::: PROVIDED RECORDS :::

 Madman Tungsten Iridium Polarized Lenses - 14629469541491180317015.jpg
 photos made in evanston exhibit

:::
::: PROVIDED RECORDS :::

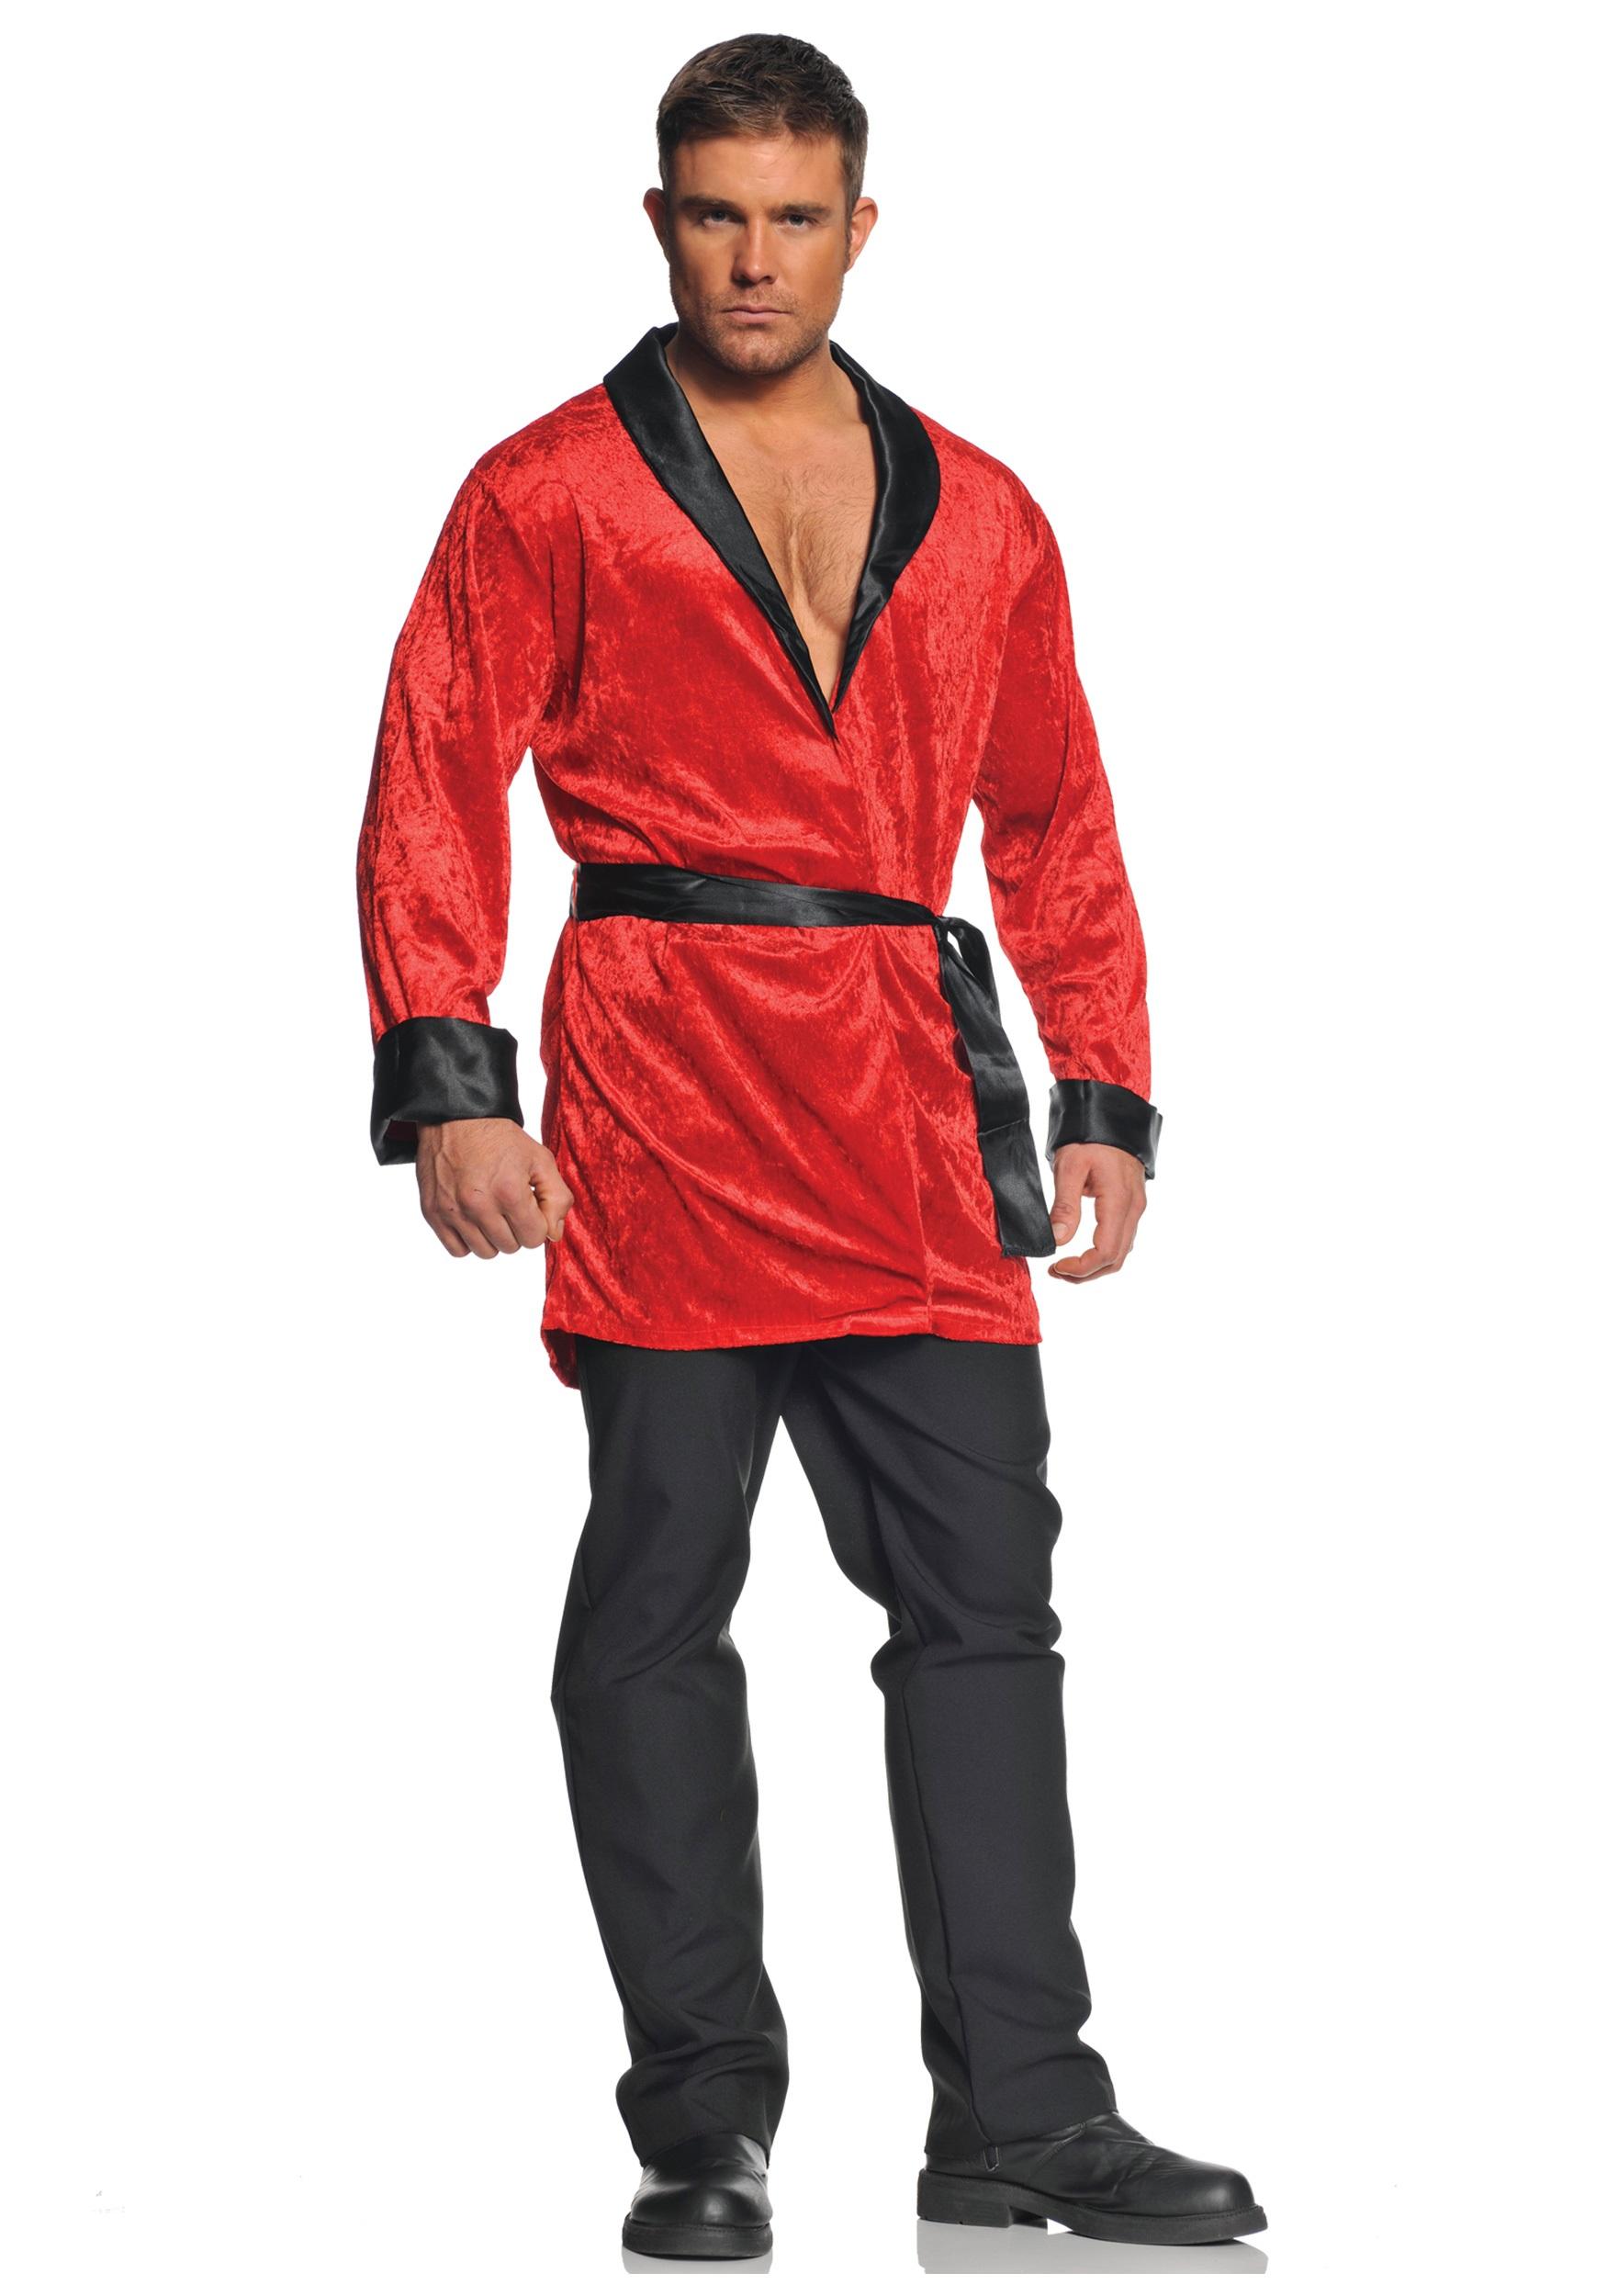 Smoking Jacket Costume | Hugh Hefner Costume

:::
::: PROVIDED RECORDS :::

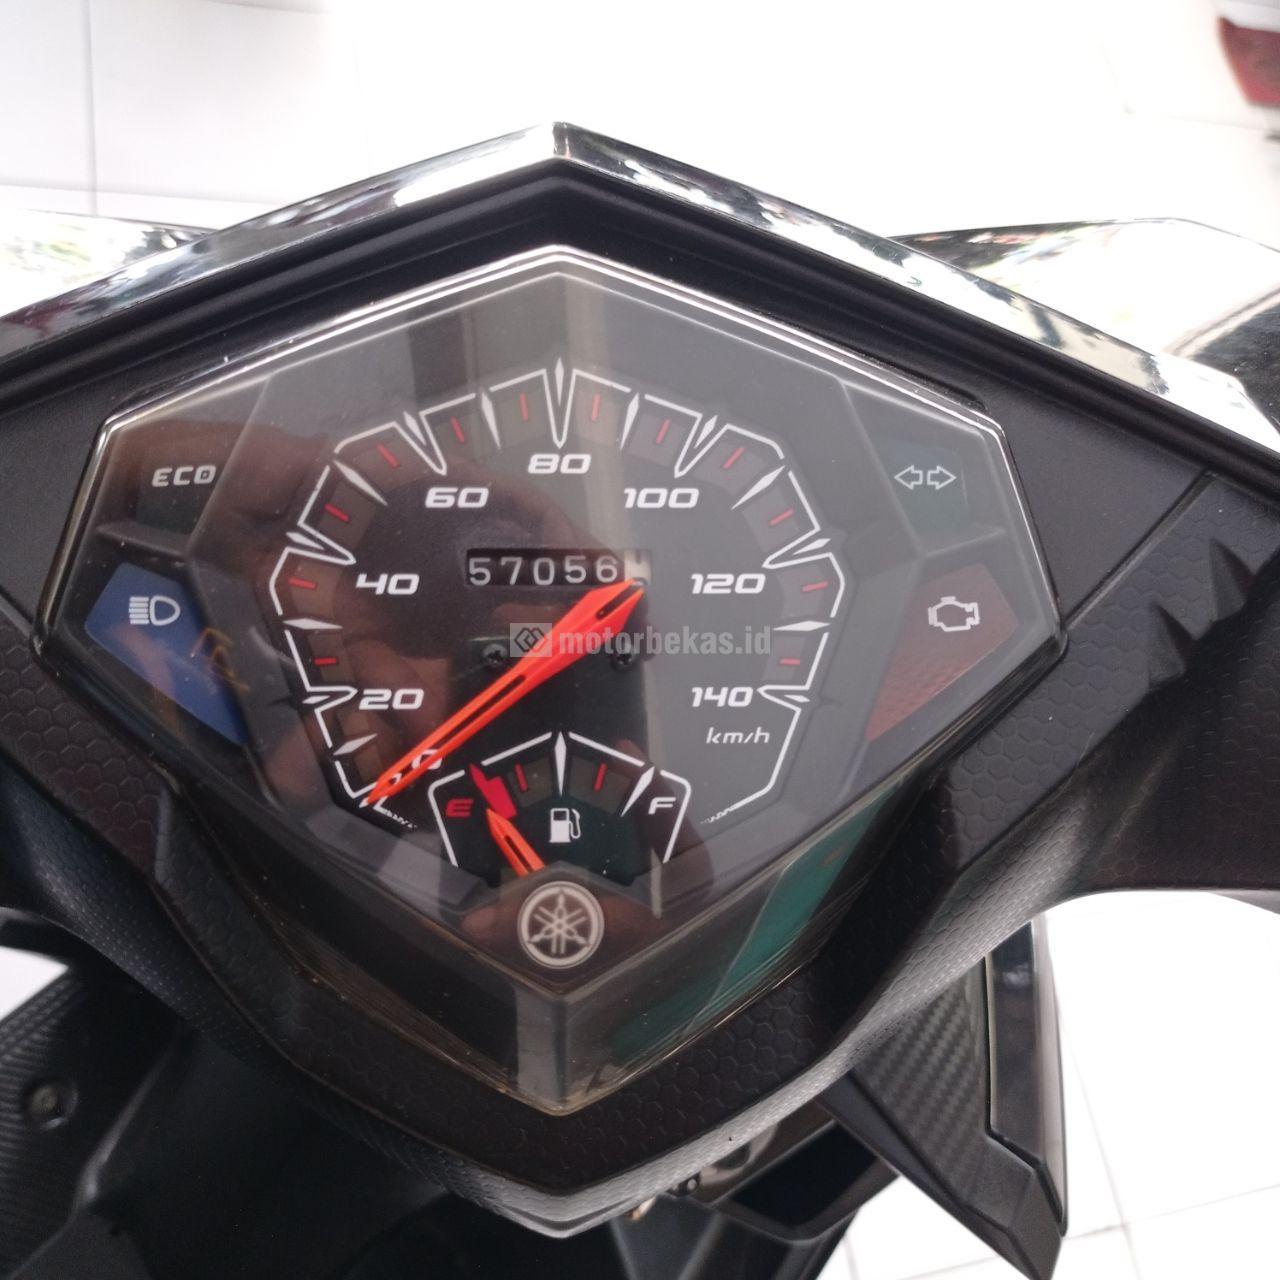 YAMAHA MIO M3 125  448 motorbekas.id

:::

■ TASK REQUIREMENTS
Referring to the material above, set down exactly the lines between the line with "Madman Tungsten Iridium" and the line with "photos made in evanston exhibit", inclusive, and no other lines.

■ SOLUTION TO THIS PROBLEM
 Madman Tungsten Iridium Polarized Lenses - 14629469541491180317015.jpg
 photos made in evanston exhibit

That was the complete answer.